This website uses cookies

Read our Privacy policy and Terms of use for more information.

Welcome to The Iconic Edge. My goal is to help you find, elevate, and monetise your iconic identity, so you can succeed in the AI age.

Apologies, I'm a bit late getting this week's edition out.

It was my mum's 80th birthday on Sunday and I hosted a garden party for her. But I underestimated how much time it would take to clear up, and how exhausted I would be!

It was worth it, as it was a great day and Mum was the star of the show.

As I watched her making her speech about her life in front of family and friends, I got stuck on a thought I couldn't shake.

When my mum was born, there was no internet. No mobile phones. No email. Her first TV was black and white.

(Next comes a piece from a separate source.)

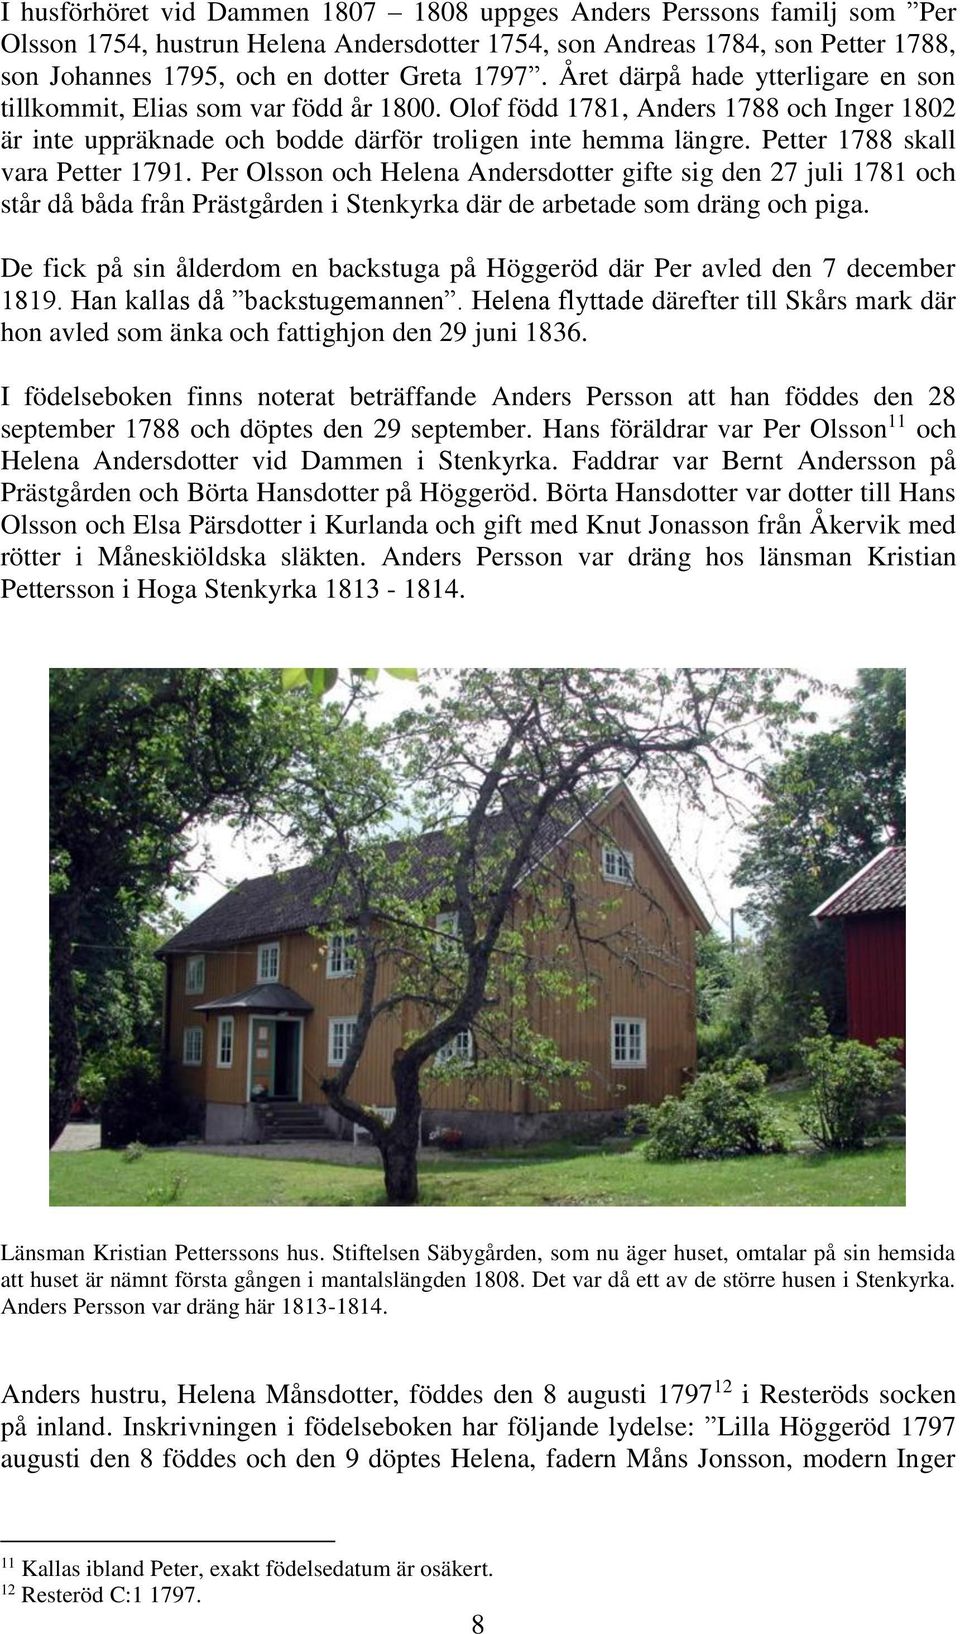 Petter 1788 skall vara Petter 1791. Per Olsson och Helena Andersdotter gifte sig den 27 juli 1781 och står då båda från Prästgården i Stenkyrka där de arbetade som dräng och piga.
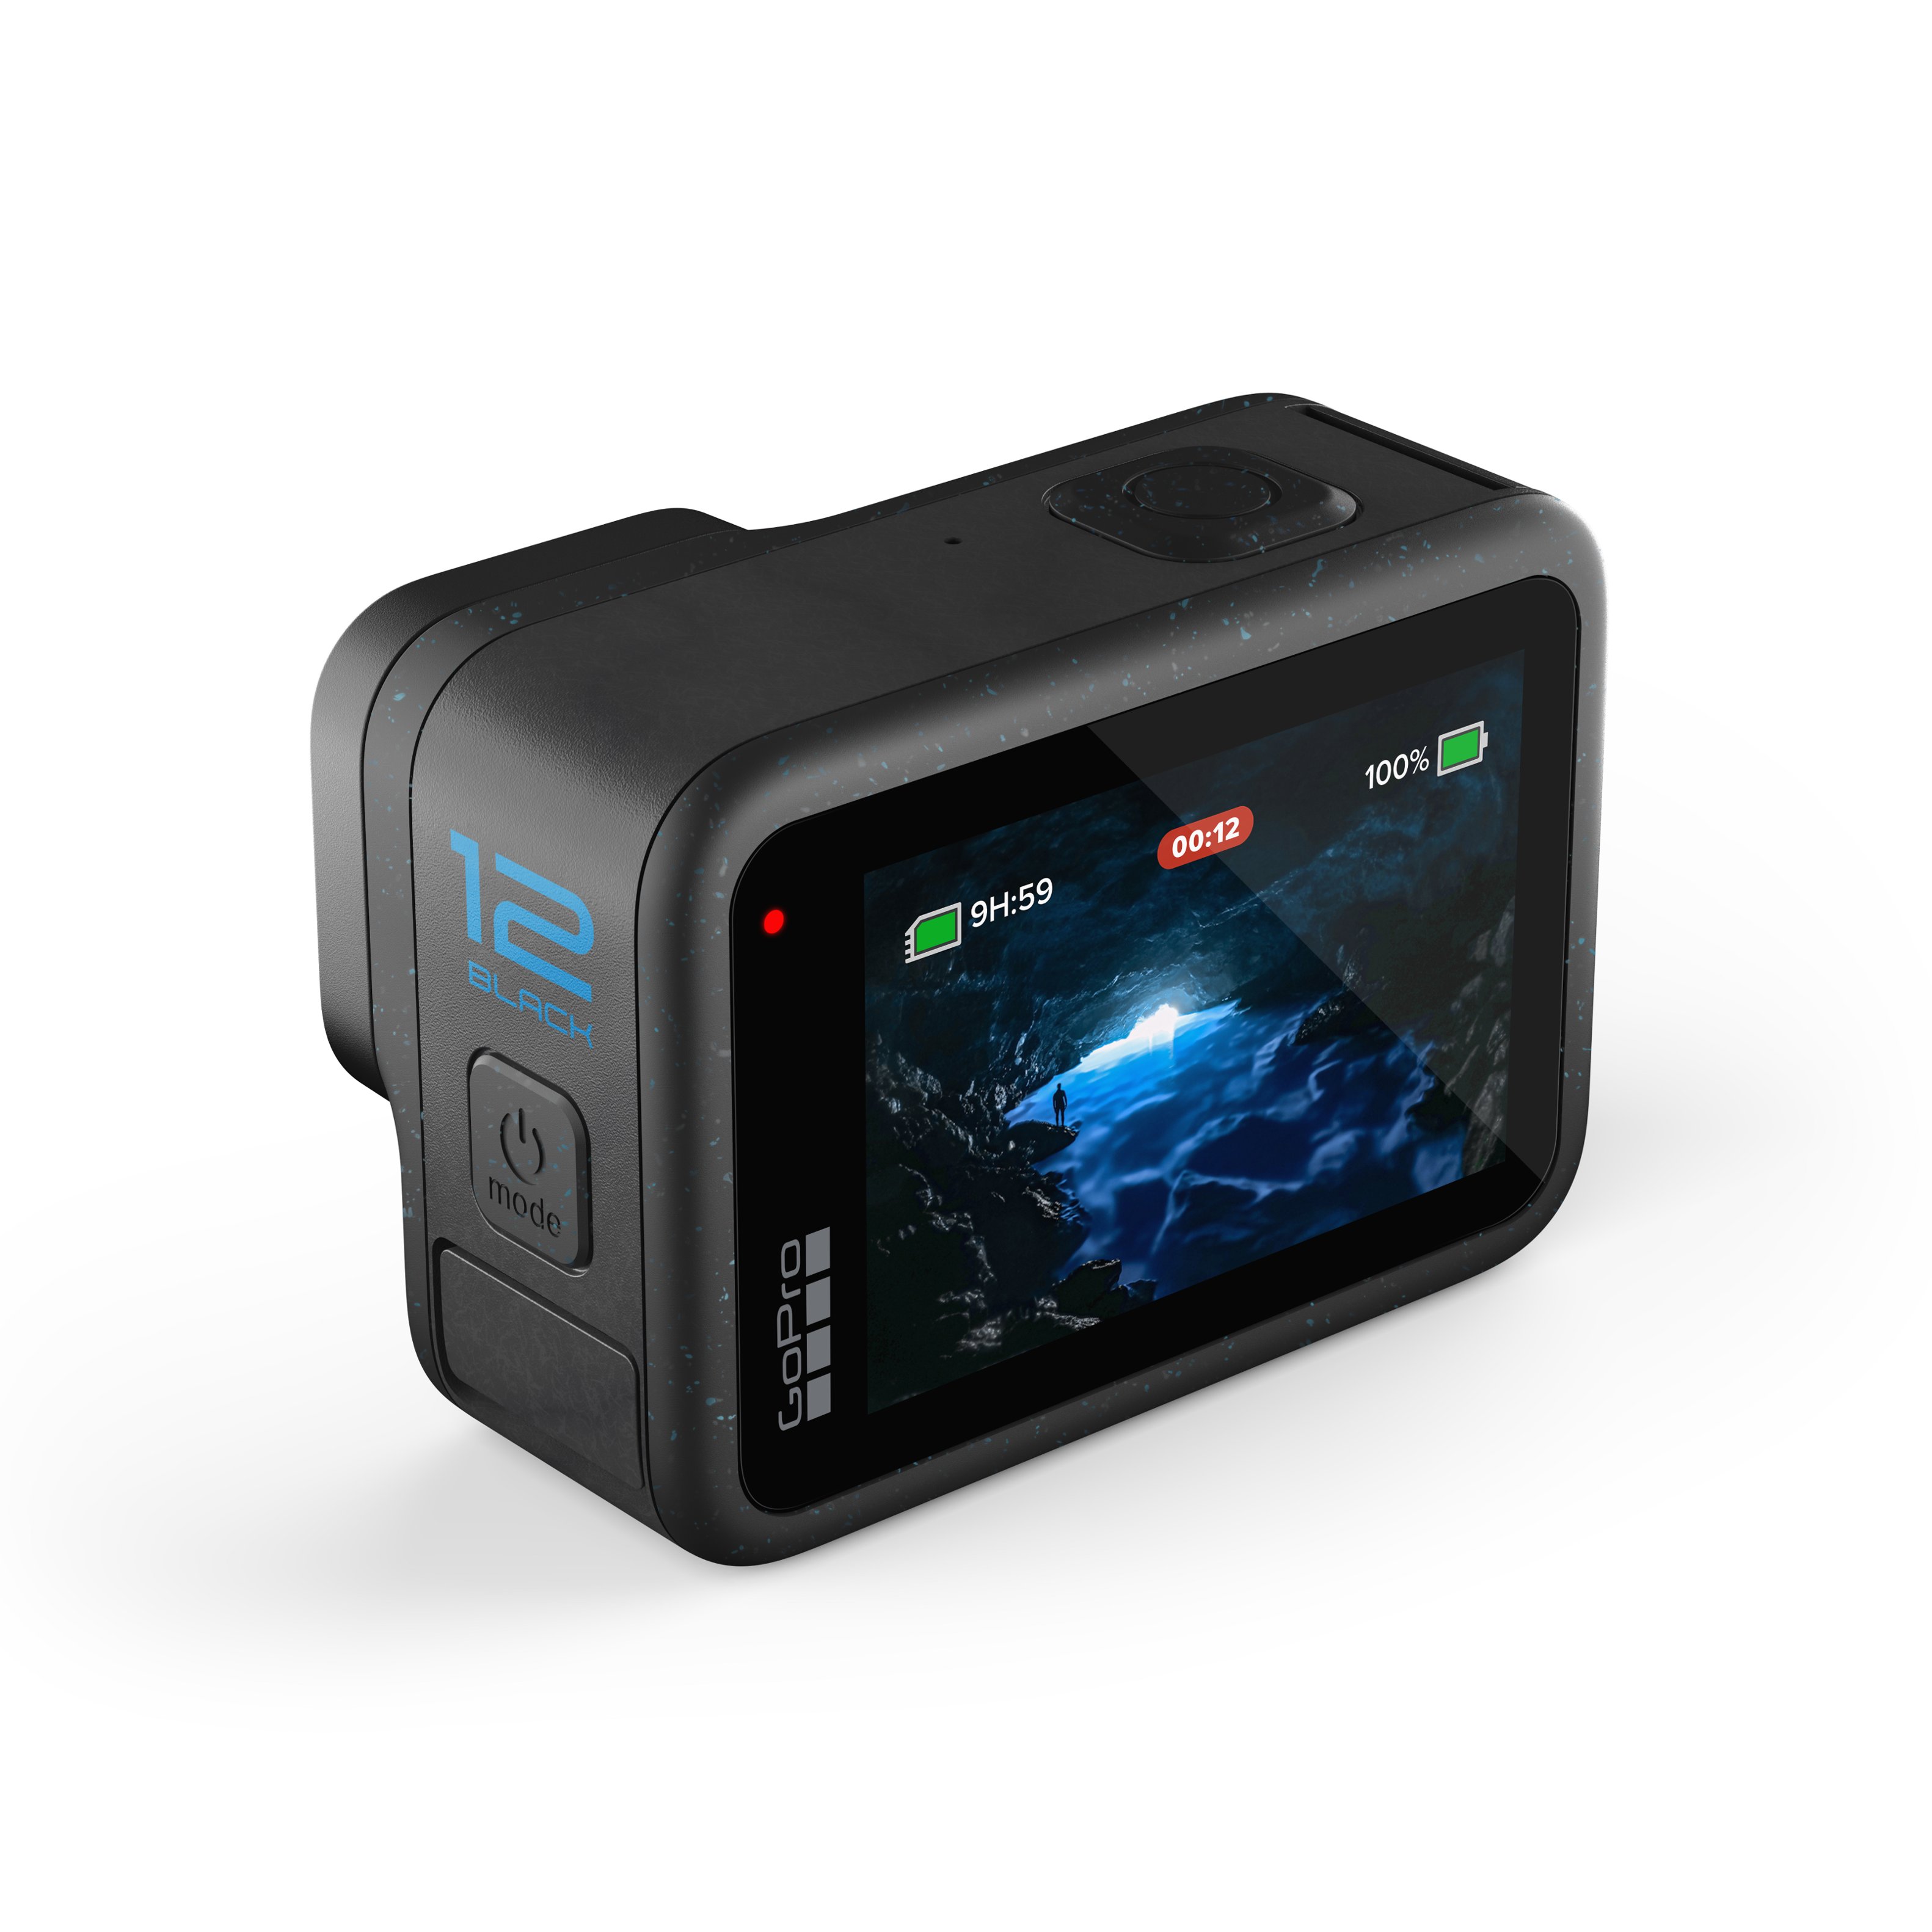 Caméra d’action HERO12 Black (étanche + stabilisation) de GoPro

She used a typewriter at her first job. She posted actual letters to stay in touch with people. A video call would have sounded like science fiction.

In one lifetime, she went from typewriters to ChatGPT.

My mum handled change well for most of her life. New technology? She figured it out. New systems, new processes? Fine. When I got her an iPad for her 70th, she was delighted. She adapted, because the changes came at a pace she could absorb.

Now, though? She finds it harder. The smartphone updates that move all the buttons. The apps that replace the thing she just learned. The necessity of an app just to park her car.

The rate of change overtook her rate of adapting.

This is the bit that matters for you

The change my mum saw across 80 years? We're going to experience that scale of shift in the next 10. Maybe less.

Which means the ability to handle constant change is no longer just a nice personality trait. It's a necessity.

It's also a skill you can build. But if you don't build it deliberately, the pace will eventually overtake you too, the same way it's overtaking my mum with her smartphone.

And I mean something more practical than the motivational poster version of resilience (bouncing back, staying positive, grit). I mean your capacity to stay in motion when the ground keeps moving in the working world.

And it will keep moving, fast. That is a fact.

What "good at change" actually looks like

Most of us think we're either good at change or we're not. But when I look at the women I know who handle constant upheaval well, they do specific things to flex and strengthen their resilience muscles.

Here's how you can start:

Know what stays the same about you. This is the anchor. When everything around you is shifting, you need something that doesn't. Your values, your point of view, the specific thing you're known for. If you haven't defined that clearly, every change feels like it's happening to you. When you know who you are and what you stand for, change becomes something you move through, not something that moves you.

Stay in learning mode on purpose. Don't wait until you're forced to learn something new. Instead, choose to be a beginner regularly. A new tool, a new skill, a new way of working. It doesn't have to be big. But the practice of being uncomfortable and figuring it out is where you build the habit.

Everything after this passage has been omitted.